Attorno al viaggio dell’eroe si sviluppa la lettura intelligente della regista Cinzia Maccagnano, che dà luce a figure finora più marginali. Il protagonista resta unico, ma i fatti non vengono alterati: il racconto è lo stesso, solo arricchito da elementi che mettono in evidenza i personaggi femminili.
Con Nausicaa ad esempio, si assiste alla prima apparizione della palla nella letteratura – per questo viene definita l’inventrice del gioco. C’è persino un filone critico che ritiene l’Odissea scritta da una donna.

Grazie allo spettacolo si scoprono aspetti nuovi delle protagoniste femminili del poema. Il testo resta invariato, ma viene raccontato in modo del tutto inedito.
Senza dimenticare che la cultura greca era una cultura in cui il maschio parte, combatte e conquista, mentre la donna tesse, attende, subisce. In questo allestimento, Ulisse vive nei racconti delle donne che ha incontrato: tutte si innamorano di lui, lo aiutano e, in qualche modo, lo aspettano. Ma lui fugge, perché sceglie le radici.
Nausicaa vorrebbe sposarlo, ma lui torna da Penelope, a cui racconta tutto, tranne l’incontro con Nausicaa. Potrebbe sembrare che le donne abbiano un ruolo passivo, ma non è così, perché a decidere davvero è Atena, figura centrale nello spettacolo.

Atena è la regista del viaggio di Ulisse, e nello spettacolo lo è letteralmente: dall’alto della sua postazione – che ricorda l’Olimpo – dirige l’azione, dà voce e oggetti a tutti i personaggi.
Su una scenografia essenziale, giocata con bellissime luci e pochi oggetti – bauli e valigie che rivelano da subito il gioco teatrale – Federica Di Martino incarna una Atena moderna, potente e narrante, che tiene insieme l’intero racconto.

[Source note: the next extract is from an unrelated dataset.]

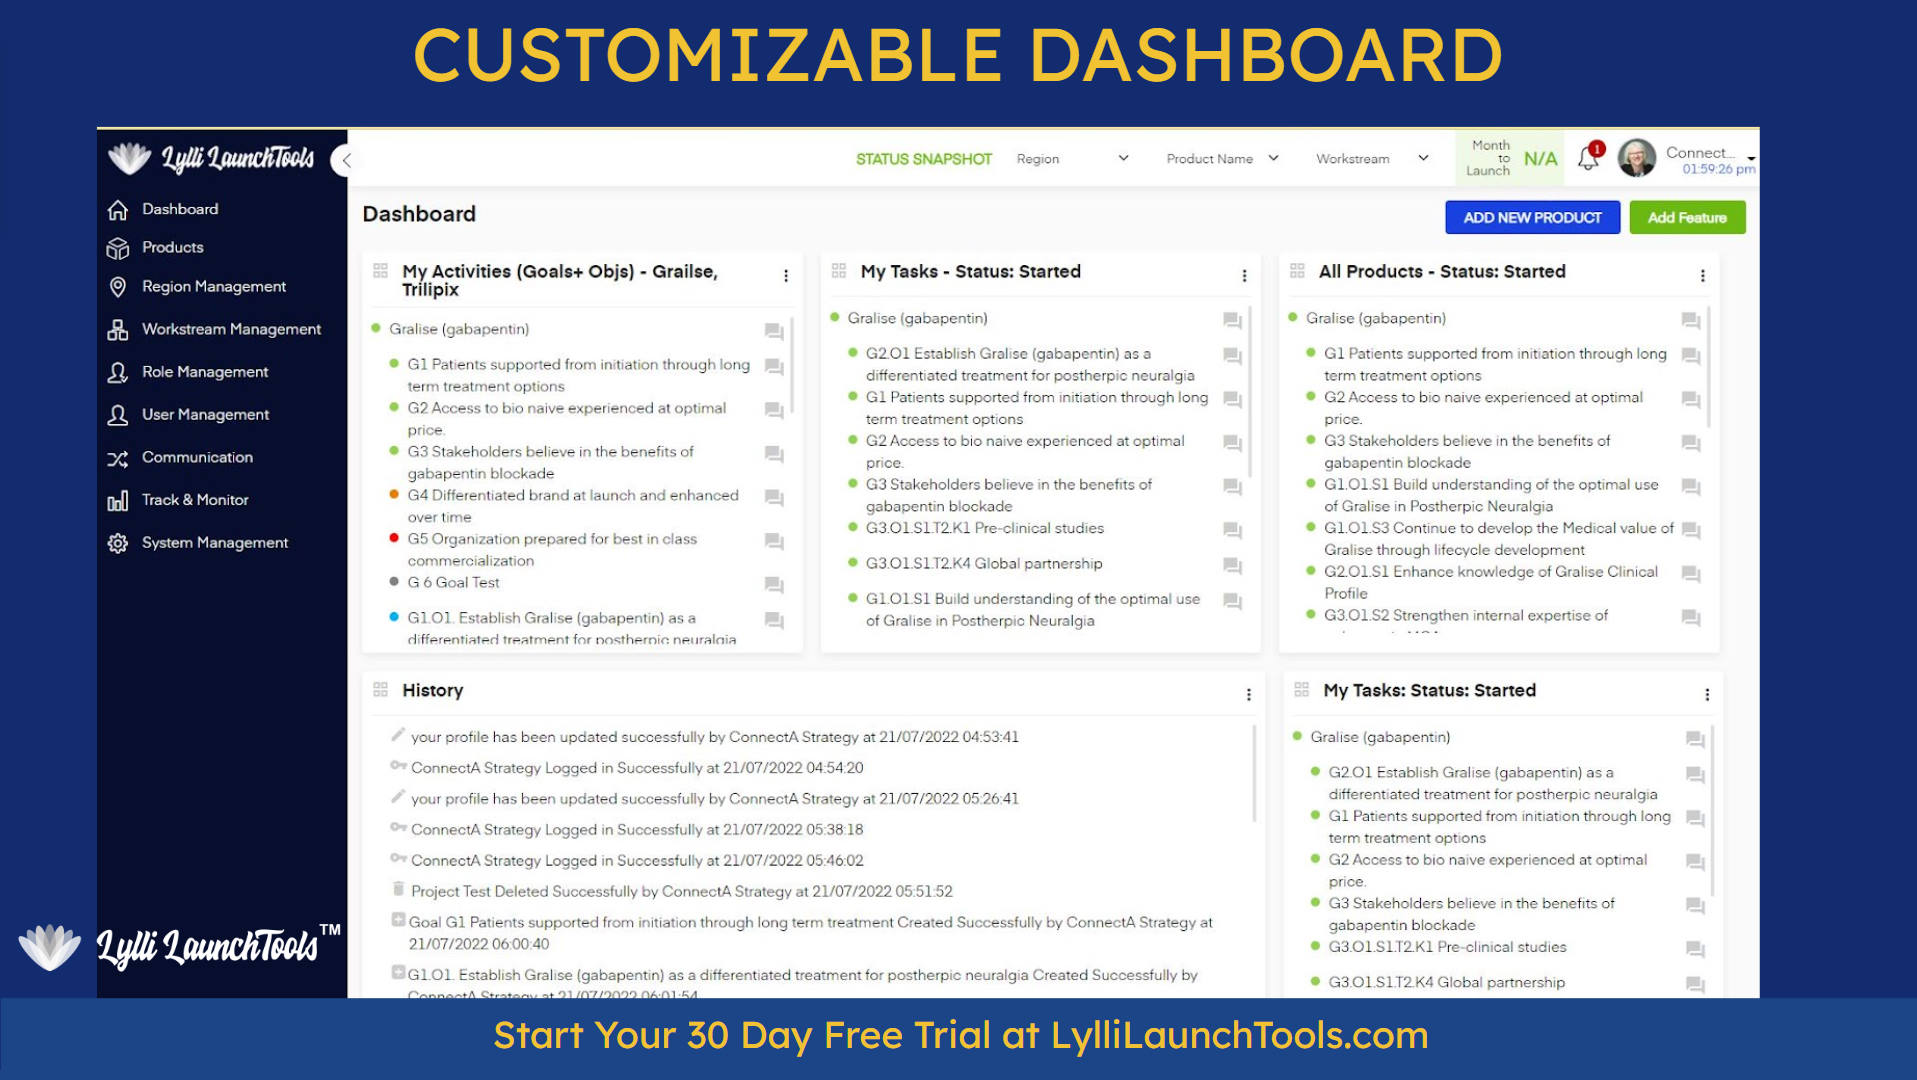 Lylli LaunchTools Custom Dashboard keeps your Product Launch on Track. Team members now know what to do and when to do it, reducing the need for follow-ups. Launch Better, Faster & Smoother. Start for free today at LylliLaunchTools.com/signup

Come un DJ, usa strumenti e linguaggi contemporanei: microfono e mixer per introdurre, commentare e tessere la narrazione.
Calipso (Beatrice Ceccherini), intrappolata nel suo amore per Ulisse, dà voce al dolore della rinuncia: “Sono meno bella di Penelope?”.
Euriclea (Sonia Barbadoro), la balia fedele, incarna l’amore materno.
Nausicaa (Eleonora Bernassa) è giovane, innocente e seduttrice.
Circe (Silvia Siravo) è appassionata e ammaliante, rifiuta tutti gli uomini tranne uno: Ulisse.
Infine, Penelope (Liliana Massari), simbolo di fedeltà, intelligenza e dignità, resiste ai Proci con astuzia pari a quella del marito.

Lo spettacolo scorre veloce nei suoi 80 minuti, facendo rivivere una storia “altra” dalla consueta Odissea, pur mantenendone intatta la struttura e le vicende centrali (emblematico l’episodio dell’accecamento del Ciclope).

Grazie alla maestria della regia e alla perizia delle interpreti, con l’alternarsi di sentimenti e prospettive femminili, prende vita e si attualizza un classico immortale.
Sono le donne a cantare le avventure dell’eroe: i suoi turbamenti, le sue peregrinazioni, gli ostacoli.

Un buon lavoro; un riuscito esperimento di ribaltare al femminile una cultura perennemente al maschile, se non addirittura – ribadiamo – misogina come quella greca.